The Gorman Faculty Lounge was filled on Wednesday, Feb. 25, as Dr. Leo Paul de Alvarez presented his case for why Cordelia, of Shakespeare's "King Lear," must die in the first Braniff Graduate Salon of the Spring 2009 semester. De Alvarez pointed out that from the beginning, Cordelia's death seems absurd. As Edmund manipulates her death, it seems as if "malice triumphs over innocence," and what could have been a manageable and almost happy ending to the play, becomes "cheerless, dark and deadly." The purpose of the lecture, then, was to explain to those gathered why Shakespeare would put in such an unnatural ending.

De Alvarez proposed first that "the deaths of Lear and Cordelia are required for the transgressions of justice both had committed," but he quickly followed the explanation with, "the world would be dark if Cordelias couldn't live." The difficulty with Cordelia, then, was that she preferred to lose a kingdom-and the prospect of controlling that kingdom-than be untrue to her father or herself. De Alvarez pointed out how strange it is that Cordelia stands to the side and mutters about her inability to describe her love with mere words, yet when her father questions her, she doesn't say this, but rather refuses an answer at all. "Her reply appears proud," de Alvarez commented, and Lear's response of "nothing will come from nothing," is entirely understandable, considering he had believed that Cordelia's response would immediately justify his giving the kingdom to her. "Her love," de Alvarez explained, "transcends the contractual," and a simple description of her love so that she can prove she owes something was not enough for the honest Cordelia.

De Alvarez explained how Lear, in his seemingly confused state, tries to mingle the private with the public. He bases the succession and rule of his kingdom off of a love test. He wants his daughters to flatter and boost his ego so that he can pass it all off with the assurance that he is loved, but as de Alvarez pointed out, "the division of the kingdom was already settled, so it's not determined by love." Why, then, does he pretend?

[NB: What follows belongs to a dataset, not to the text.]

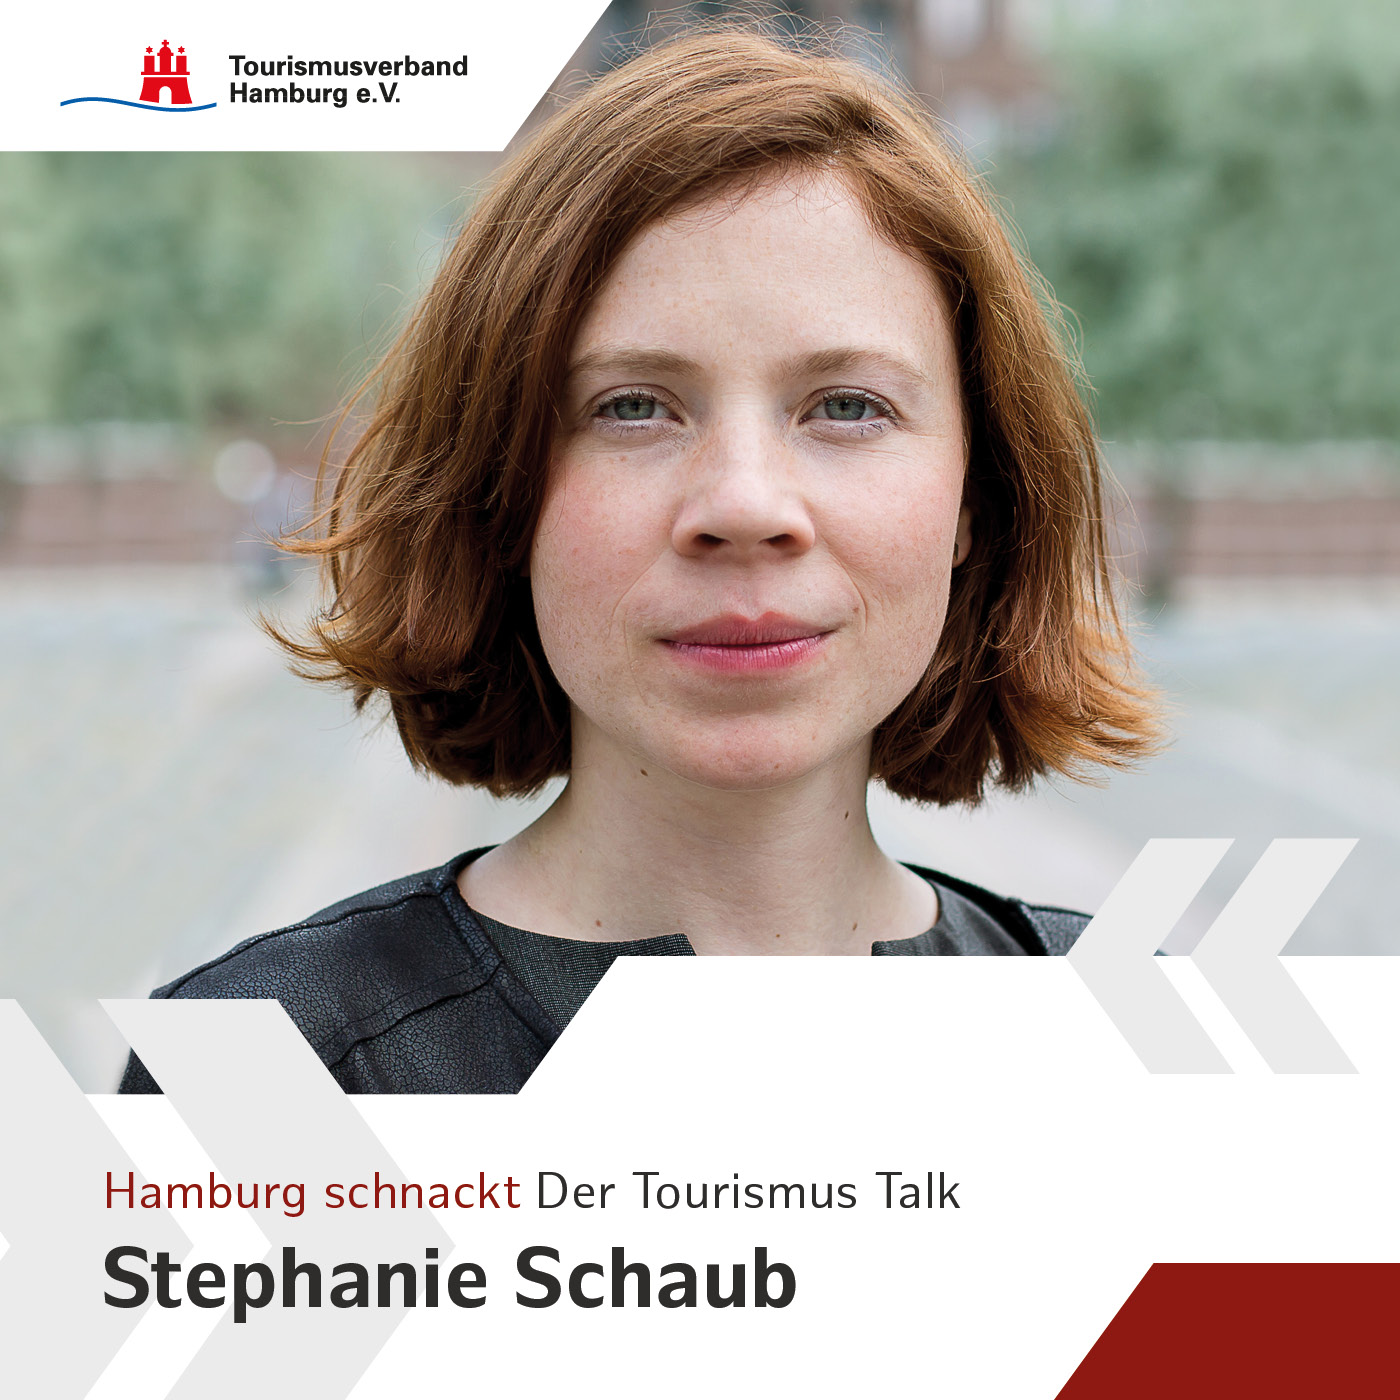 Hamburg schnackt mit Stephanie Schaub

He had hoped that there would be no opposition to his decision. Cordelia was the obvious favorite, and he had determined she would get the most and best part of the kingdom, so when she professes her love better than Goneril and Regan, there would be no dispute as to whom he would prefer. Bringing this private matter into the public realm-mixing the love of his daughters with the division of the kingdom-presents a transgression. He's bypassing "what is expected in hereditary kingship," according to de Alvarez. "Love has guided his distribution of the kingdom," de Alvarez explained. A public matter has become private, thus Lear has made a transgression, and Cordelia acts against this-distancing herself from the mingling of the public and private-and focuses only on a private and filial love. Rather than publicize her love so that she can gain lands and power, she explains that her love is private and not to be expressed properly, thus remaining true to herself and her father, whether he notices it or not. "Cordelia prefers her own truth," de Alvarez said, "and is thus truly her father's daughter."